# Need help/advice



## JackalR (29/4/15)

Sup gents

I've been coil building for a few months, mostly dual micro coils and the odd single micro coil. 

Lately I've been interested in building a twisted coil. YouTubed a bunch of videos and twisted a length of 26g kanthal using a power drill like most of the videos show. 

I'd say it came out pretty good. Looks nice and uniform. I'd love to post picks but this Sony doesn't like to take photos close up apparently. 

Anyways my issue I seem to be having is that the coil doesn't warm up from the middle and move outwards like on the videos (hope that makes sense) 

I've tried everything from compressing the coil slightly to ensure that everything is touching to ensuring the leads are the exact length and that they are the same distance from the post screws. But can't seem to get it to fire normally. 

I wicked it and while it probably produces the same vapour as a dual non twisted coil it seems to be a very cool vape even when pushing 65w. 

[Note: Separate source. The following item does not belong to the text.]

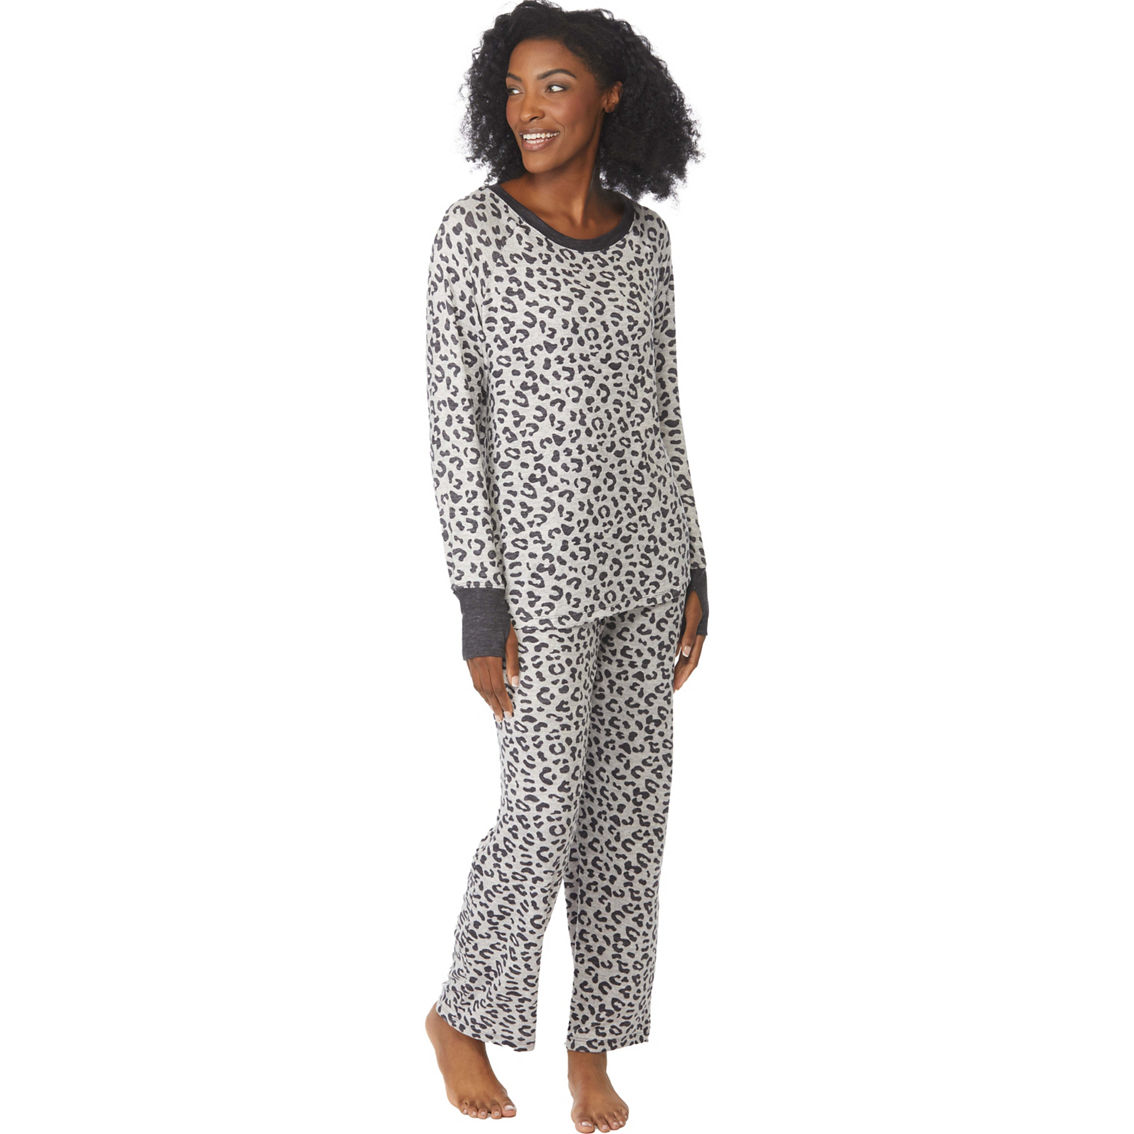 Rene Rofe Simple Lounging Pajamas 2 pc. Set - Image 4 of 4

The twisted I'm building is 7 wraps with an id of 3mm coming in at 0.8 ohms 

Any advice or help would be appreciated


----------



## zadiac (29/4/15)

Hi JackalR

Try brushing the coils lightly across the lenth of the coil with a screwdriver. Just lightly. Heat it up, brush it lightly, repeat. Then fire it up and see how she heats up. Do it again if results are not satisfactory.
Inserting the object that you wound the coil with and wiggling it back and forth (lightly) also seem to help sometimes.

Also, make sure that your coil leads are secure in the posts. Nice and tight. Loose connection can produce uneven heating and hotspots.

Edit: Some info for you

Reactions: Agree 1


----------



## JackalR (29/4/15)

Thanks man will give it a go. Will give feedback when I get home to play


----------



## zadiac (29/4/15)

You're welcome


----------